It’s pretty normal for someone to go weeks without looking at their own website. After all, if you know what you put up there, why would you unless you wanted something changed?
Imagine, to your dismay, receiving a phone call or email from a long standing client, troubled by your website. You go on only to see the content on your site altered maliciously and your reputation tarnished, both personally and professionally.
That’s not the time to wish that you had a more secure site.
To know if your site is really secure, ask yourself these questions and if it’s not, we have 4 tools for you.
Is It up to Date?
When a hacker tries to seize control of a site, what they look for is vulnerabilities in your sites code. They can do this in various ways but generally, it doesn’t take them frantically pounding away at a keyboard like they do in the movies.
Just as hackers work against your site, the developers behind your site constantly work to make their code more secure. When developers find an area of weakness, they will send out updates, patches, etc. that fix the issue. If you don’t keep both your site and its plugins up to date, hackers are going to be more likely to exploit those areas.
Does Your Site Use HTTP or HTTPS?
Sites use HTTP by default.

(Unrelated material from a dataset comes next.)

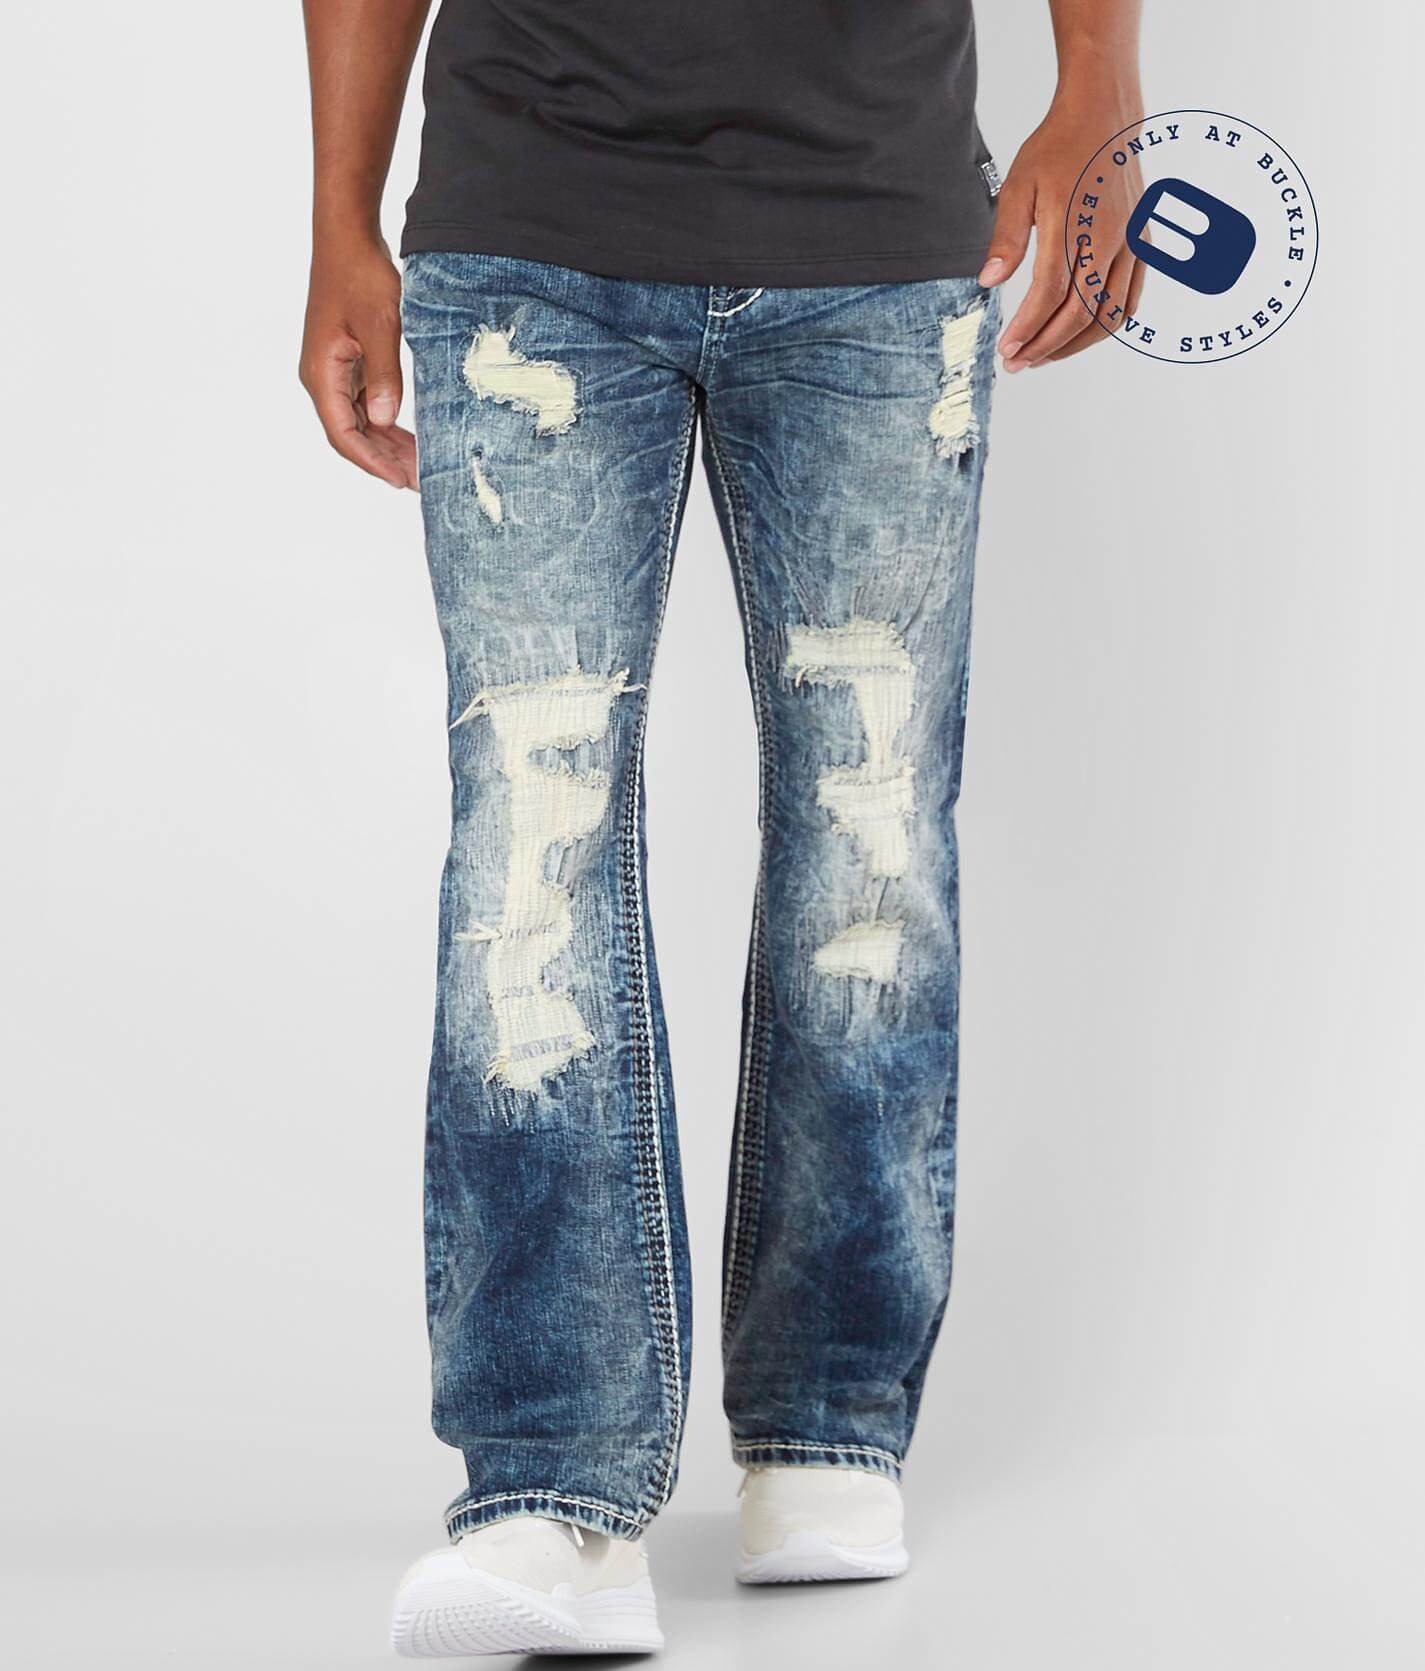 rock revival jeans mens bootcut

It stands for Hypertext Transfer Protocol. HTTPS stands for Hypertext Transfer Protocol Secure. You probably see where I’m going with that.
HTTPS is for sites that utilize SSL or Secure Sockets Layer. This means that information that is transferred between the visitor’s browser and the website’s server is encrypted. For someone to decipher the information, they would need the encryption key that is only available on the web server.
SSL certificates are cheap, if not free with most hosting services. If you are utilizing any type of online shopping, HTTPS is a must but overall, it will make your site more secure.
Does Your Site Use Parameterized Queries?
This one is a little more involved but the main idea is this; instead of entering a username and password into a field, hackers can enter bits of code aimed at corrupting systems or retrieving information inside of your website. This process sets “parameters” for what can be entered into a “query”. For more information, check out this article from Microsoft.
How Strong Are Your Passwords?
I can’t believe I’m saying this but in 2018 the most commonly used password is still “123456” followed by answers like “QWERTYUIOP” (which is just the first row of letters on the keyboard.)
Having a company-wide password policy that dictates the strength of passwords will keep your site secure from a would-be-hacker getting access.
So Is Your Website Really Secure?
Ask yourself these questions and you will get your answer. There’s no one-sided answer to your security and as threats continue to evolve, your security will need to evolve with it. If you are questioning your security, check out these tools.
Wordfence – Firewall and Malware Security
At over 2 million downloads, Wordfence is one of the highest rated security plugins for WordPress and has over 2 million active installations. Wordfence’s free plugin blocks malicious traffic going to your site and their premium version offers more robust features.
VIP Scanner scans the code of your site, including all themes and files you may use to identify any potential security loopholes that may leave you vulnerable.
iThemes bans users that have previously attacked other sites by blocking their IP address.
This plugin protects websites from injection-related attacks. At over 90,000 downloads and a perfect 5/5 in reviews, this is a simple but comprehensive solution with a BBQ Pro version available.